Hacia ya tres meses que habia abierto Lombía el teatro de la Cruz, corregido y aumentado con un espacioso escenario y un nuevo telar que permitian poner en escena las obras que más aparato exigiesen; pero como dueño de su caballo, se habia apeado por las orejas, y no habia puesto más que obras, en las cuales como en El Cardenal y el judío, se habian gastado muchos dineros á cambio de algunos silbidos y del desden y la ausencia del público. Julian y Matilde con su compañía marchaban miéntras viento en popa, llevándose con justicia su favor y sus monedas al teatro del Príncipe. Lombía era un gracioso de buena ley y un característico de primer órden en especiales papeles; era uno de los actores más estudiosos y que más han hecho olvidar sus defectos físicos con el estudio y la observacion. Su figura era un poco informe por su ninguna esbeltez y flexibilidad; su fisonomía inmóvil, de poca expresion; y sus piernas un si es no es zambas; cualidades personales que, en lo gracioso y lo característico, le daban el sello especial del talento, pues se veia que luchando consigo mismo de sí mismo triunfaba; pero le hacian desmerecer en los papeles y con los trajes de galan, cuya categoría tenia afan de asaltar, saliéndose de la suya, en la cual algunas veces era una verdadera notabilidad: como en D. Frutos de El pelo de la dehesa, en el Garabito de La redoma encantada y en el exclaustrado D. Gabriel de Lo de arriba abajo. En tal empeño, y luchando desventajosamente con la competencia del Príncipe, llegó Lombía en el teatro de la Cruz á las fiestas de Navidad, habiendo agotado el bolsillo de Fagoaga y la paciencia del público.
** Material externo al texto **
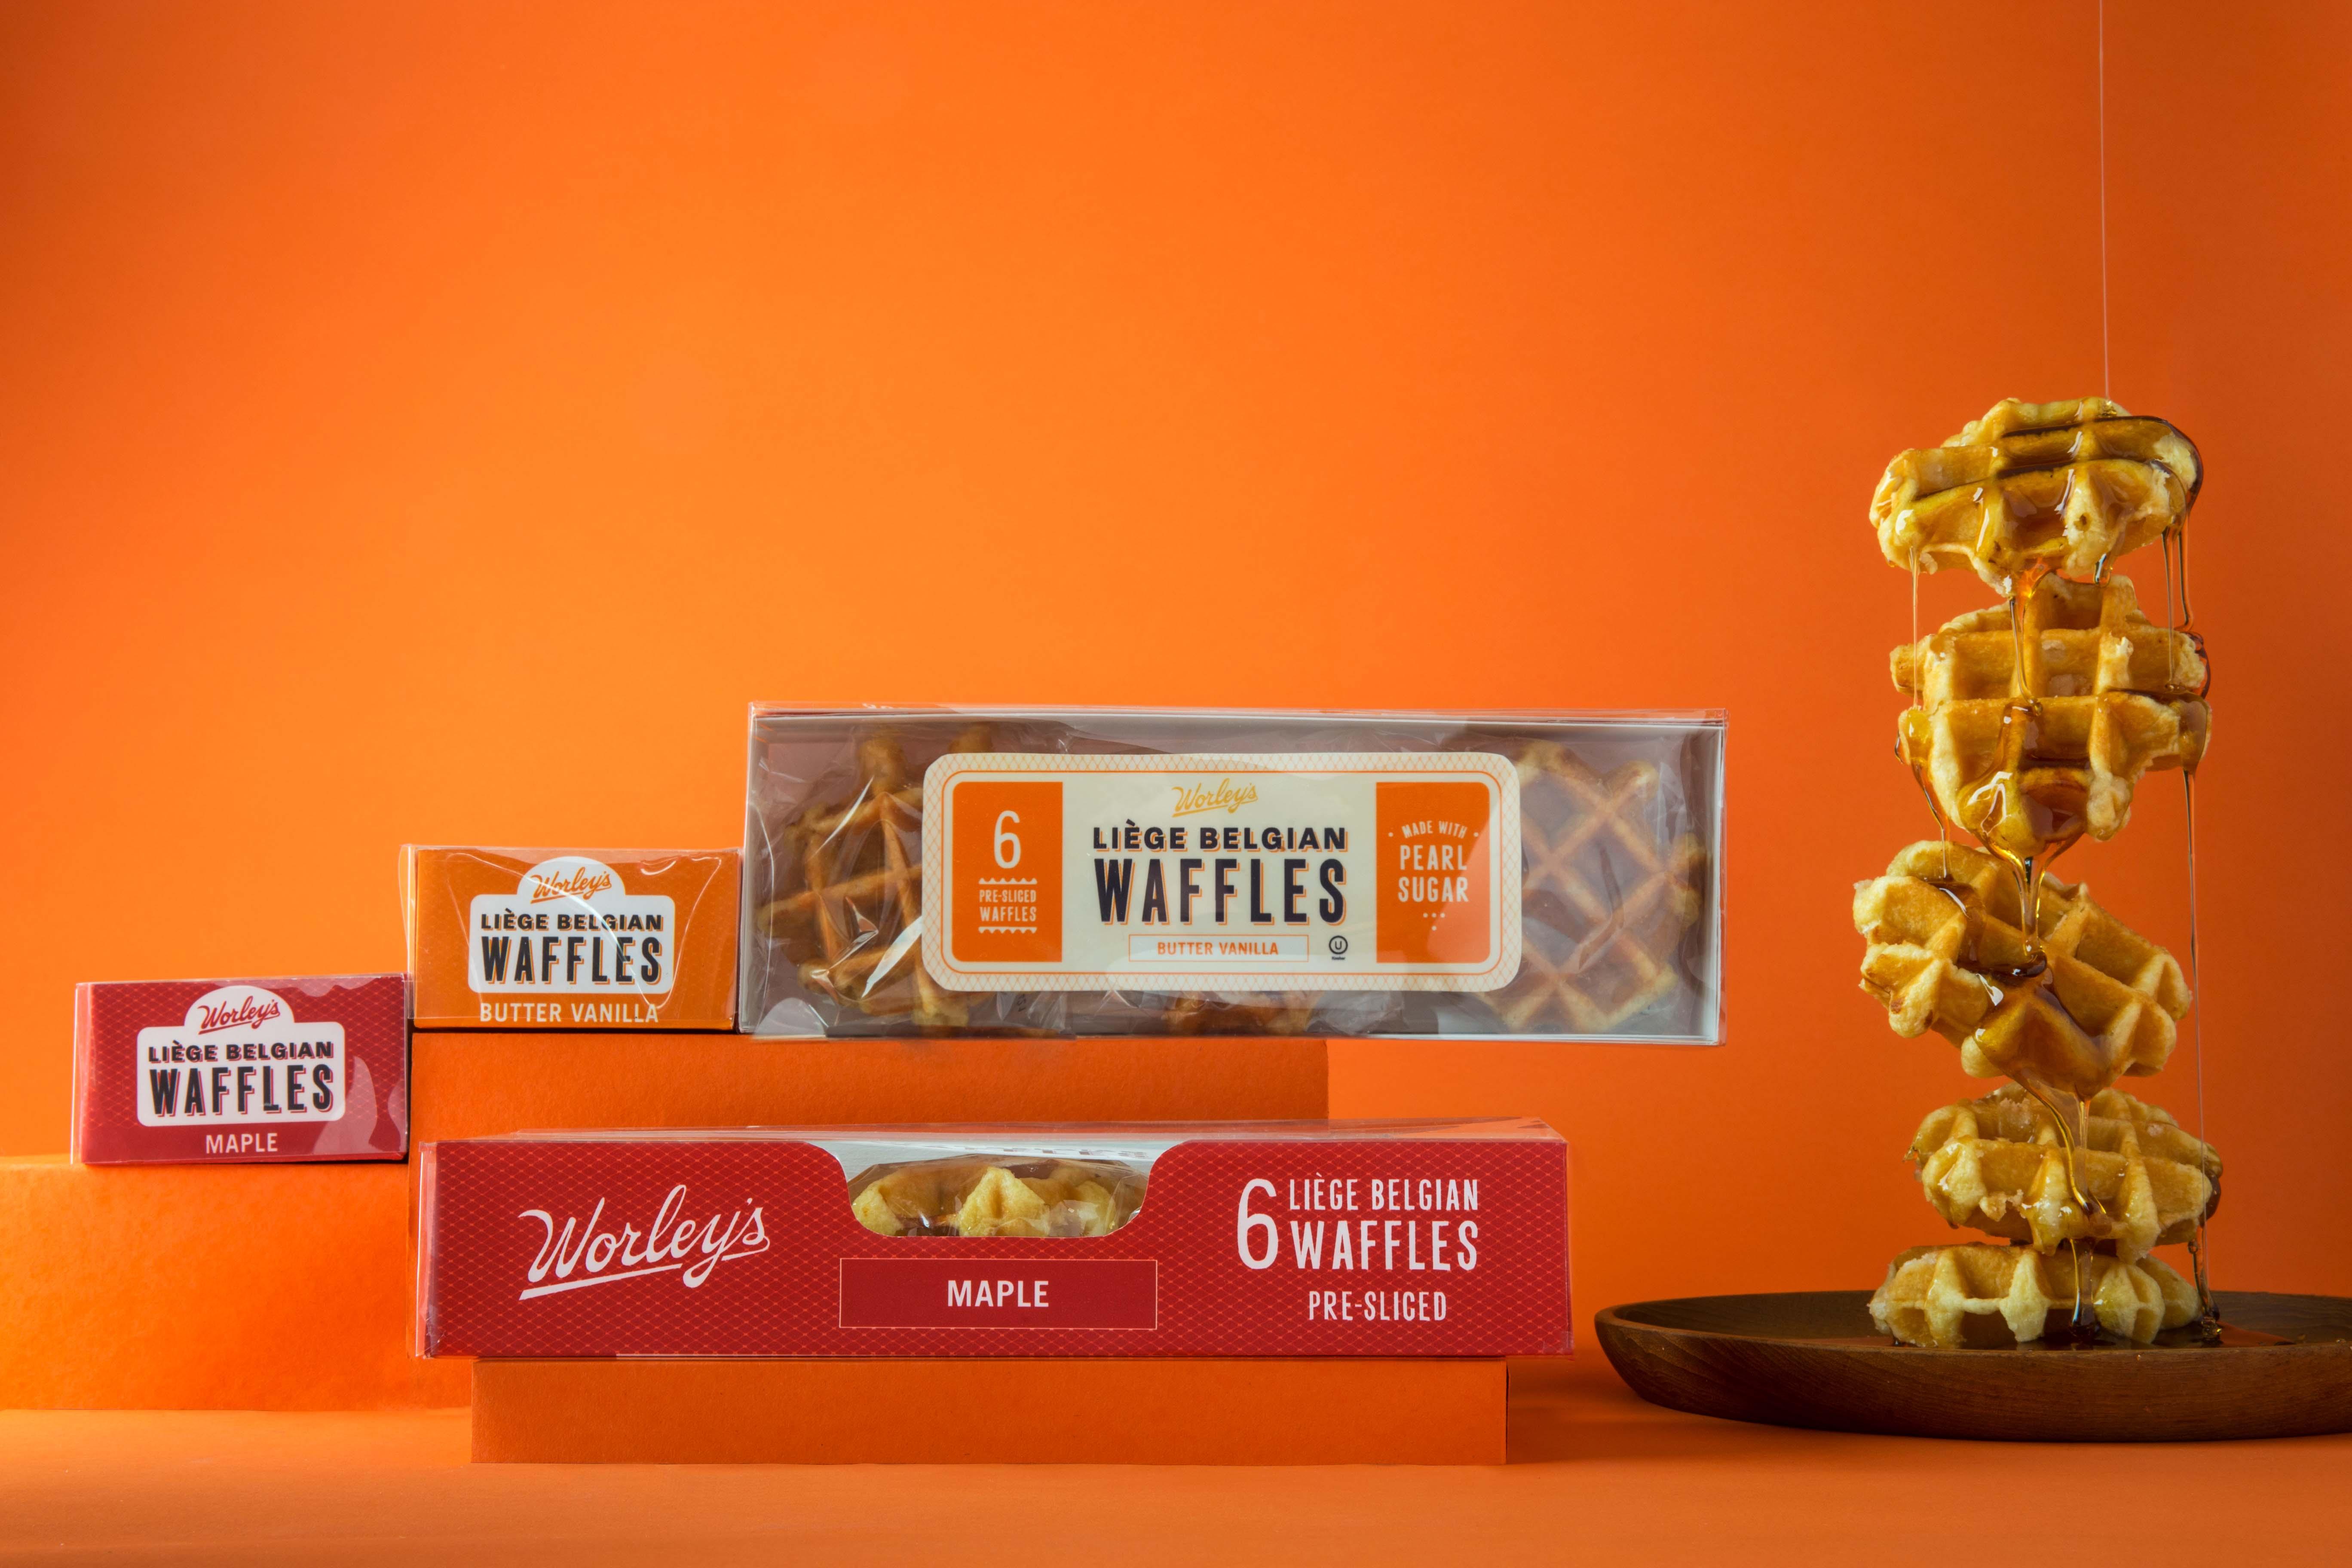 Worley's Liege Belgian Waffles

Cárlos Latorre y la parte de la compañía que en su género sério le secundaba, apenas habia trabajado en unos cuantos dramas viejos, de los cuales estaba ya el público hastiado; y si la obra que en Navidad se estrenara no sacaba á flote la nave de la Cruz del bajío en que Lombía la habia hecho encallar, tenia las noventa y nueve contra las ciento de naufragar ántes de Reyes. Todos los autores de alguna reputacion estaban con Romea: excepto yo, que tenia señalados, pero no los cobraba, mil quinientos reales mensuales por no escribir para el Príncipe, y la obligacion de presentar un drama en Setiembre y otro en Enero. El 21 de Setiembre habia presentado la Segunda parte del Zapatero y el Rey: llegó, empero, el 23 de Diciembre, y se puso en escena, con grandes esperanzas, una Degollacion de los inocentes, arreglada del francés, y en la cual hacía Lombía el papel del rey Herodes. Fagoaga habia consentido en suplir gastos y abonar sueldos hasta la primera representacion de Noche-buena; pero los inocentes fueron degollados en silencio en el acto segundo, en medio de cuya degollina se presentó Lombía con el flotante manto y el tradicional timbal de macarrones en la cabeza, con el que solian representar á Herodes los pintores y escultores de imaginería de la Edad Media; y el drama continuó arrastrándose penosamente hasta su final entre los aplausos de los amigos de la empresa, á quienes nos interesaba su porvenir, y la hilaridad del público de Noche-buena, que tomó en chunga á Herodes y á sus niños descabezados.